You can spot an authentication bottleneck from a mile away. A developer hits “send” on an API request, the gateway checks keys, and somebody on Slack mutters, “Why can’t this just use passkeys already?” Enter Azure API Management FIDO2. It promises hardware-backed identity with zero shared secrets, right inside your existing API gateway flow.
Azure API Management handles policy enforcement, throttling, and transforms, while FIDO2 kills off passwords using asymmetric cryptography. Together they form a clean handshake for cloud-native services: policy-driven control with tamper-proof authentication. No more rotating secrets or managing long-lived tokens in config files. Just a public key bound to a device that only its rightful owner can use.
What makes this pairing work is how Azure delegates authentication logic. The service exposes APIs that plug neatly into an external identity provider using OpenID Connect (OIDC). FIDO2 fits into that pipeline as an authentication mechanism registered at the tenant level. When a request lands at your API gateway, Azure verifies the FIDO2 credential against the identity provider, issues a short-lived token, and applies your API Management policy chain.

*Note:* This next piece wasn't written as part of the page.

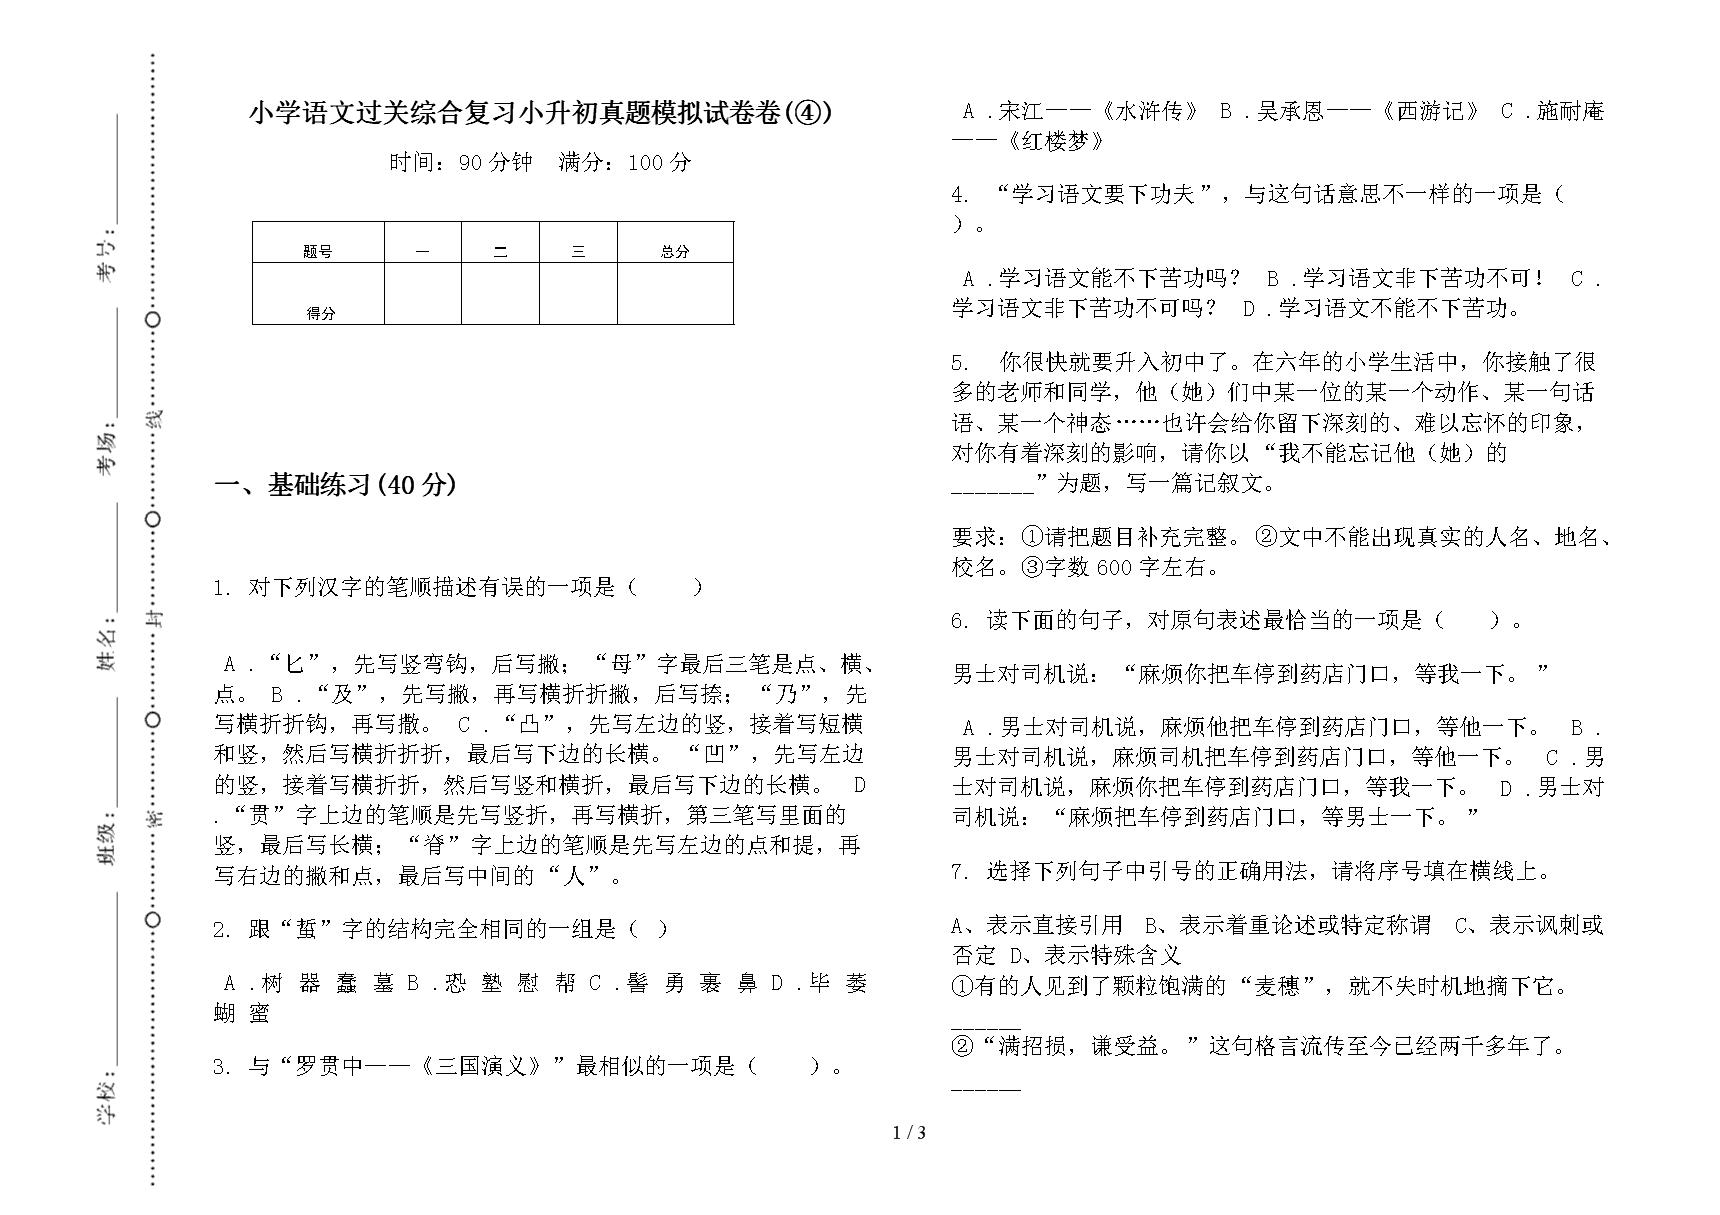 小学语文过关综合复习小升初真题模拟试卷卷(④).docx

This is not a new identity “thing.” It’s the modern replacement for outdated token exchange. The key flow looks like this:
- Client triggers a FIDO2 sign-in through an IdP like Azure AD or Okta.
- The IdP returns an OIDC token scoped for your API Management endpoint.
- API Management validates the signature and enforces policies mapped to roles.
- The API executes with verified, passwordless assurance.
When troubleshooting, remember the golden trio: device registration, token validation, and RBAC mapping. If an API call fails with a 401, check if the user’s FIDO2 key is registered in the correct directory and that your policy expression reads the “aud” claim properly. A mismatched audience claim is the silent killer of many FIDO2 prototypes.